Strength: What Chloe Means. Messages From The Animals

by Jon Katz
Messages From The Animals
Messages From The Animals

It is a sad thing that so many people have forgotten how to listen to the messages from the animals. In my strange and sometimes sorry existence, I have forgotten too, but they started talking to me some years ago, when Julius and Stanley, my wonderful yellow Labs, taught me about the discipline and loneliness and beauty of becoming a writer. Orson spoke to me of regaining my lost life, Rose talked me about being brave on my first farm, Red speaks of community and connection, Fate speaks to me every morning of joy, enthusiasm an laughter.

And the carriage horses…what can I say about them? They have been speaking to me for more than a year, they have changed my view of the world in so many ways, awakened me, connected me to the spirituality of animals, given birth and rebirth to some of my writing. Horses have come into our lives, and literally, Maria has her pony Chloe. Horses are on Bedlam Farm now.

Maria has a powerful connection to the big and beautiful horses at Blue Star, a very close connection to Chloe. She loves her, talks about her often, thinks of her. I have been watching this evolving and deepening relationship and I think Chloe’s message to Maria is about strength.

It is a strengthening thing to groom a horse, to walk one, to ride one. Maria has been growing in strength ever since I met her. This Friday will be our fifth wedding anniversary and I never imagined that Maria would want a horse or ride one, or that we would have one. She draws strength from Chloe, they speak every day. Sometimes Chloe wants to do what she is told, sometimes she doesn’t. That is the nature of the pony.

Each day, she asks Maria to find her strength, to call upon it, to trust it. Each day, she does. It is a beautiful thing when people open up to the messages of animals, learn to trust and believe them.

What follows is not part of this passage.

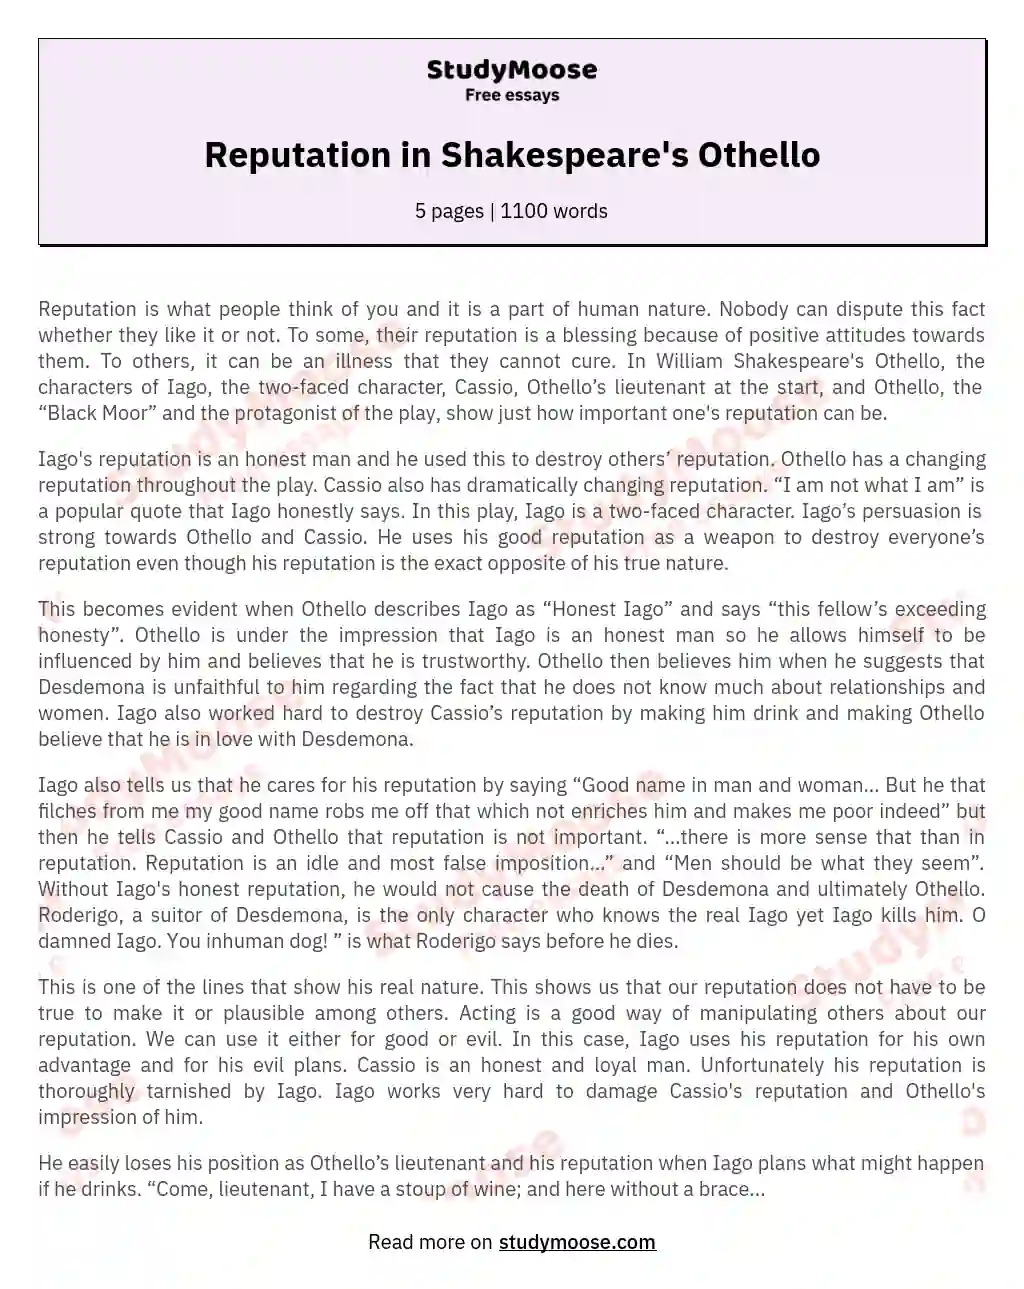 Reputation in Shakespeare's Othello essay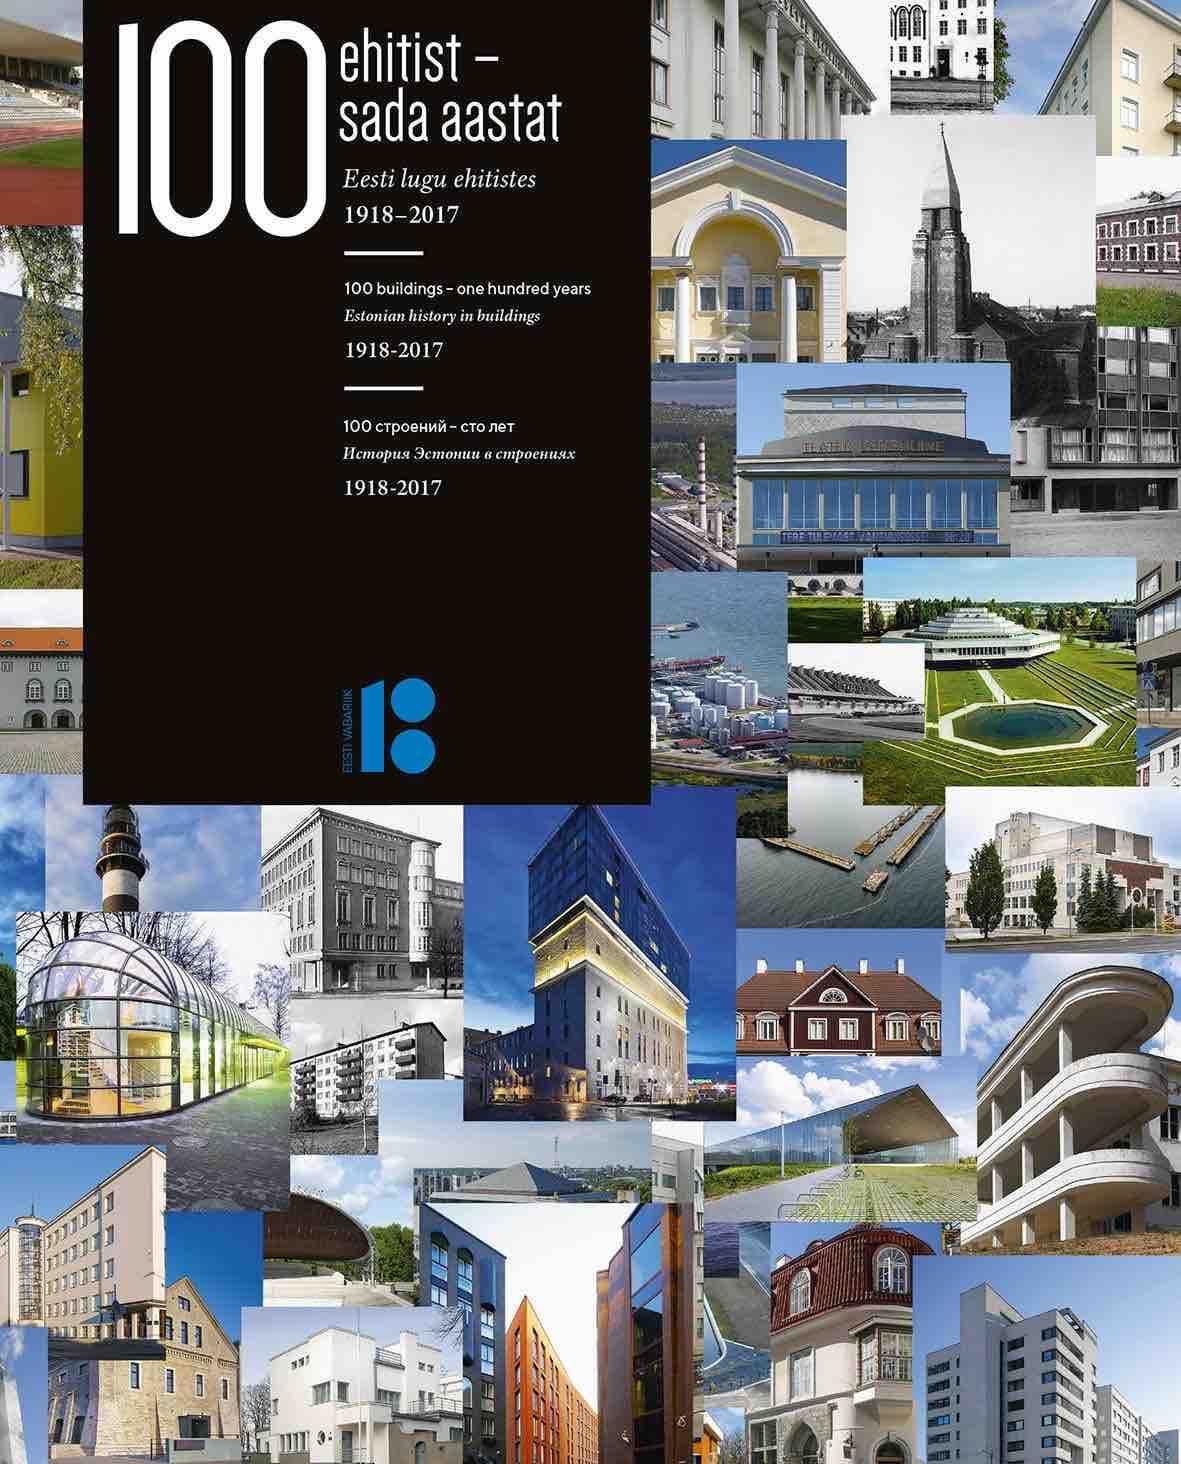 100 ehitist – sada aastat

Animals are not about being cute or cuddly, although they are sometimes that. We patronize and trivialize and emotionalize them all the time.

As I see every day with Fate, there is serious stuff between us, they deserve to be taken seriously. It is a sad thing in New York City to see so many people live among the horses and fail to see them, or hear their true messages. They are not asking us to take them away, they are pleading with us to remain.

Maria has an open heart and soul, and Chloe will be able to talk to her more easily than any dog has talked to me, at least until now. I believe in the messages of animals, Chloe is talking to Maria about strength.